Task statement — The answer must be only the lines below from the one holding "Crowded beach, Condado, San" down to the one holding "y País Vasco?", ends included, printed exactly; please omit all pictures.
===== Data records =====
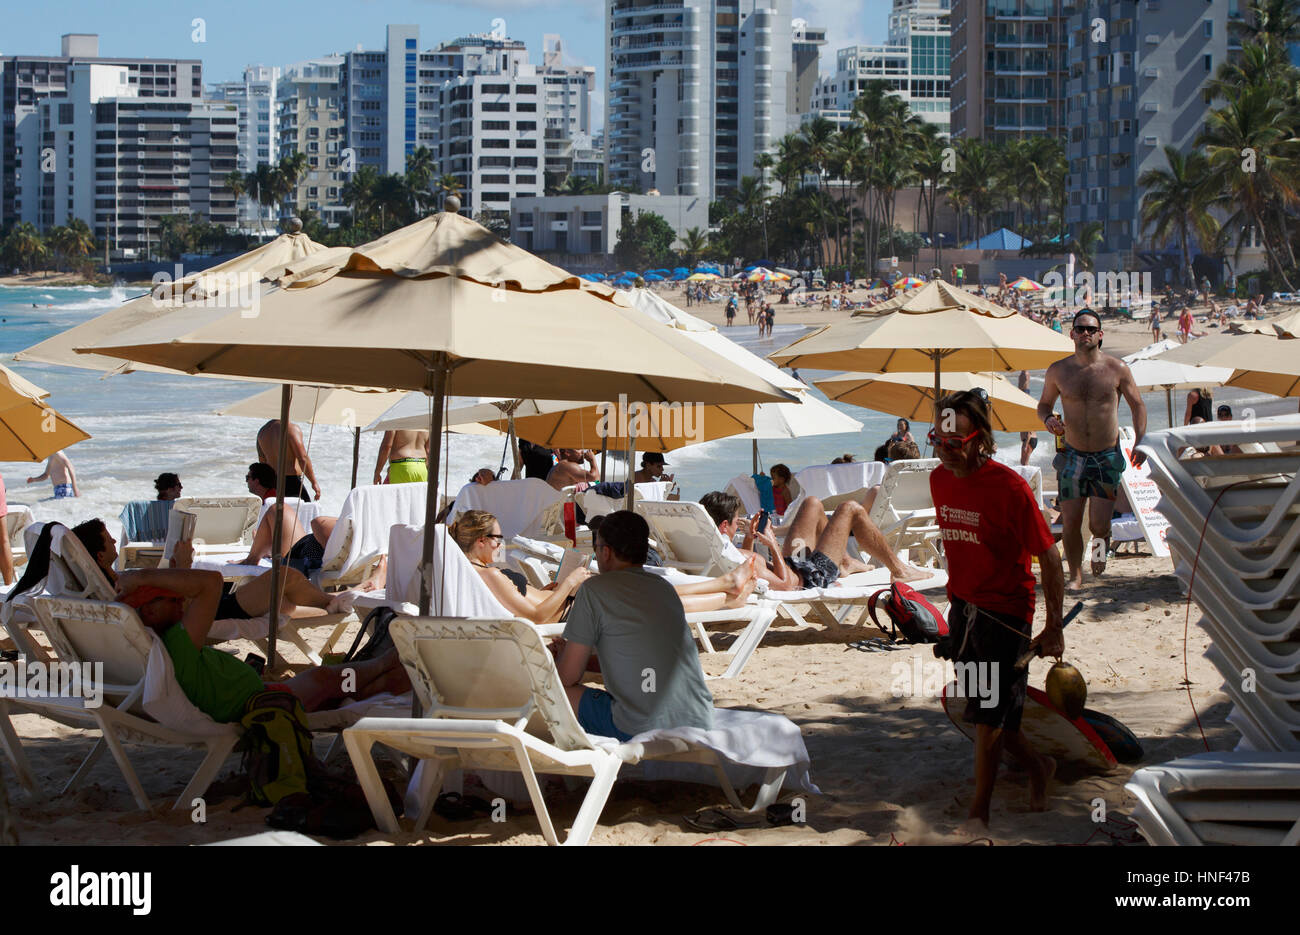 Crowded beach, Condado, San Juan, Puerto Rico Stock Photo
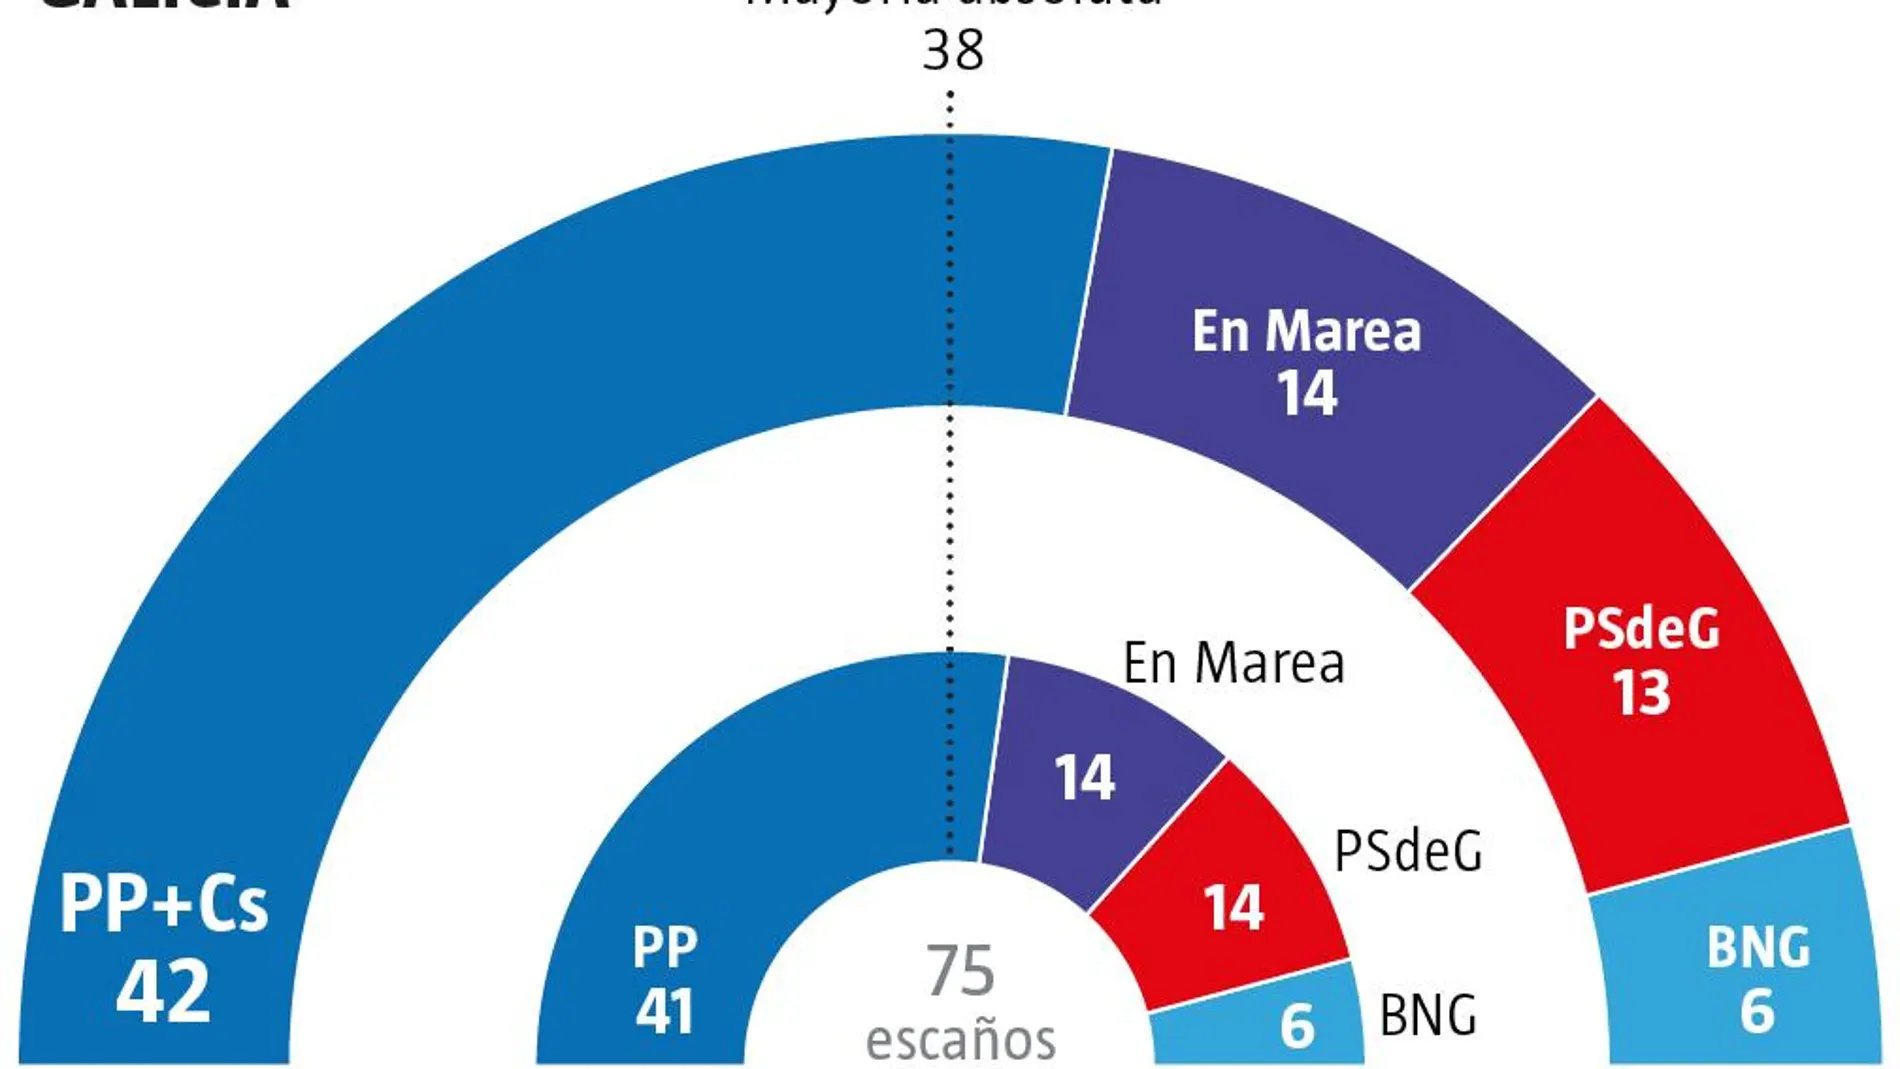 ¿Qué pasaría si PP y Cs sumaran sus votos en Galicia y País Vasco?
=====
===== Data records =====
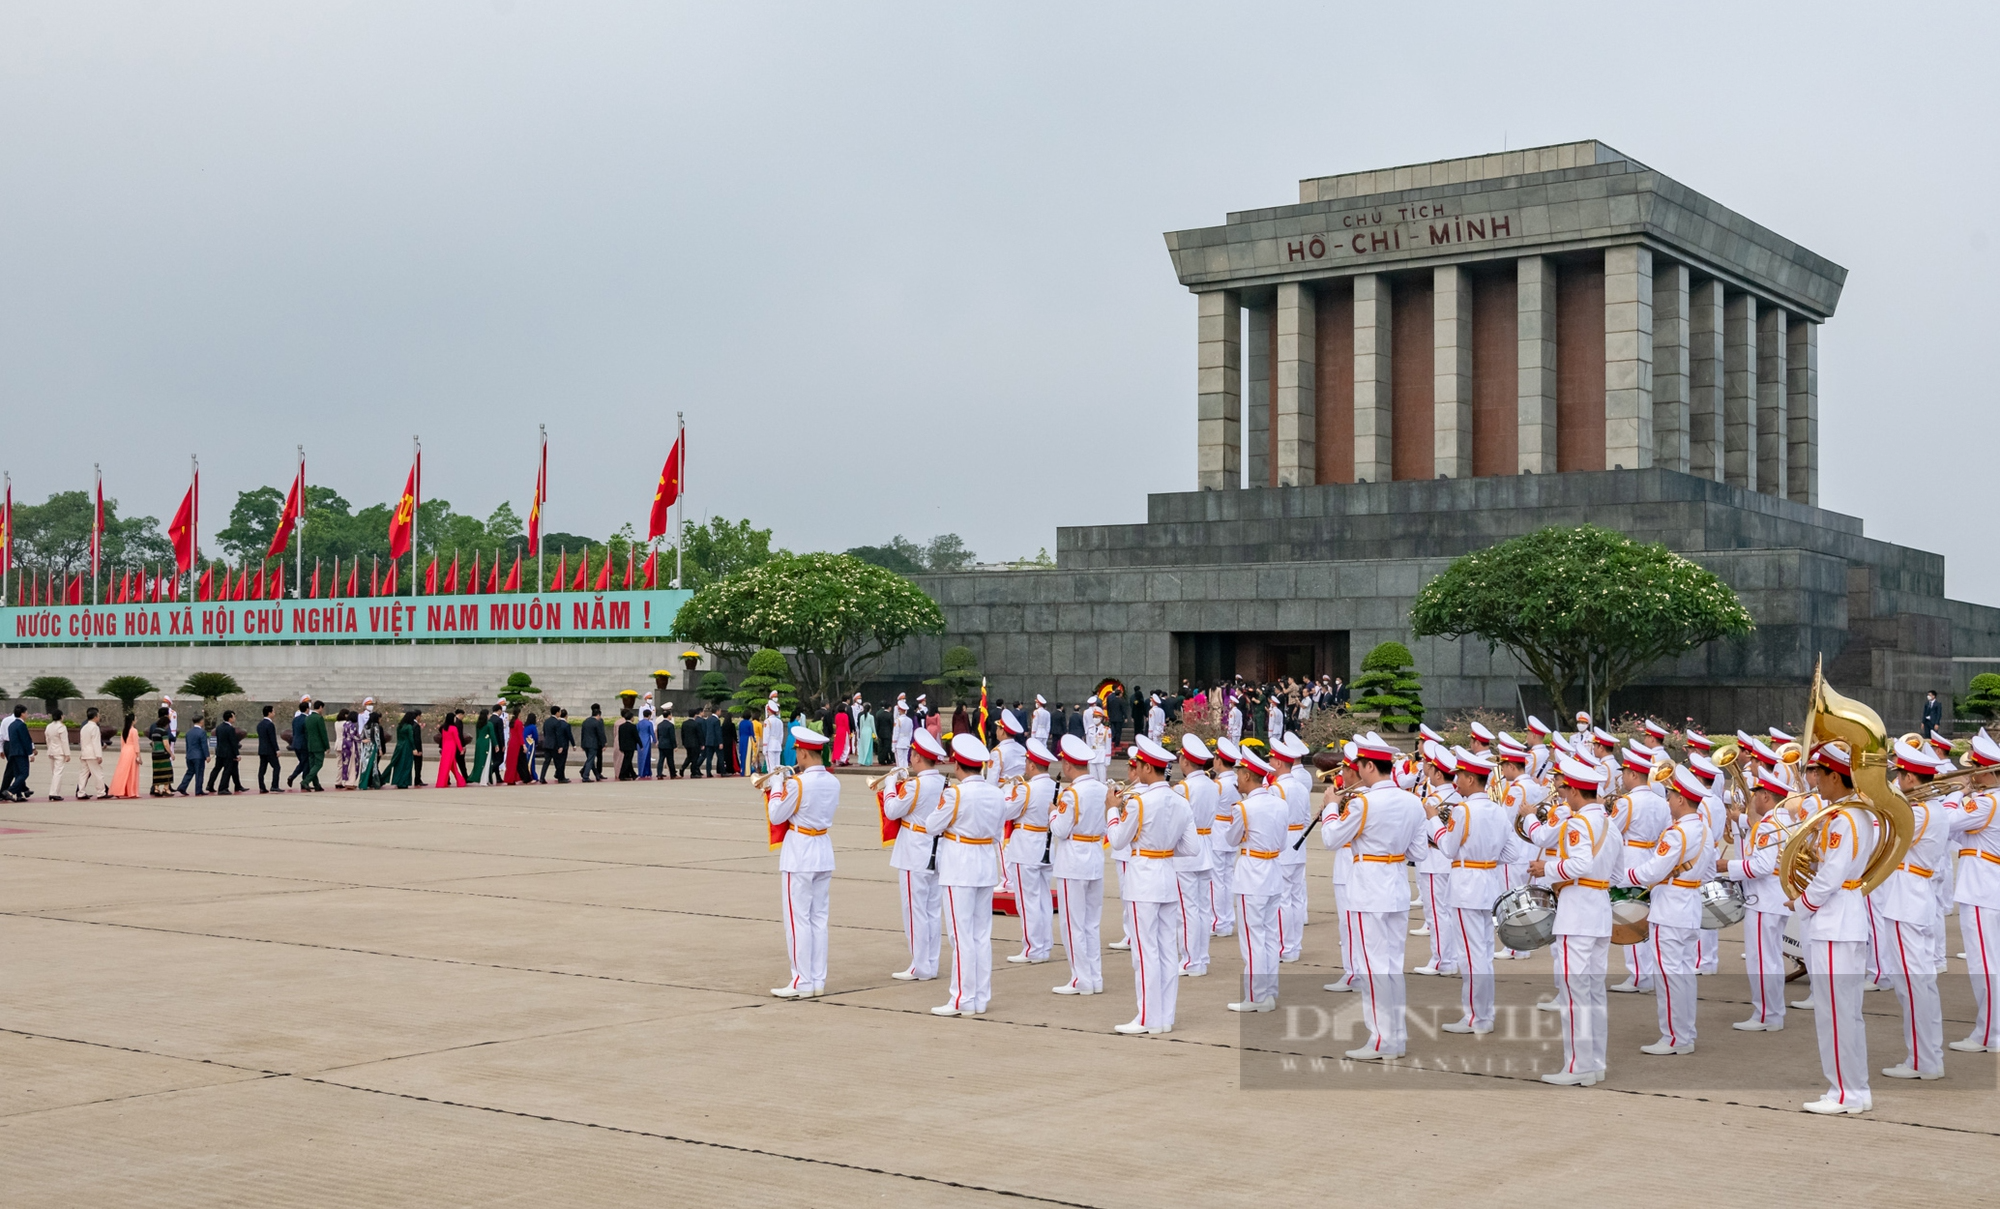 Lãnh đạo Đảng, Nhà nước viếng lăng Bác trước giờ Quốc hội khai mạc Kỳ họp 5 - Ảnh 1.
=====
Exercise result —
 Crowded beach, Condado, San Juan, Puerto Rico Stock Photo
 ¿Qué pasaría si PP y Cs sumaran sus votos en Galicia y País Vasco?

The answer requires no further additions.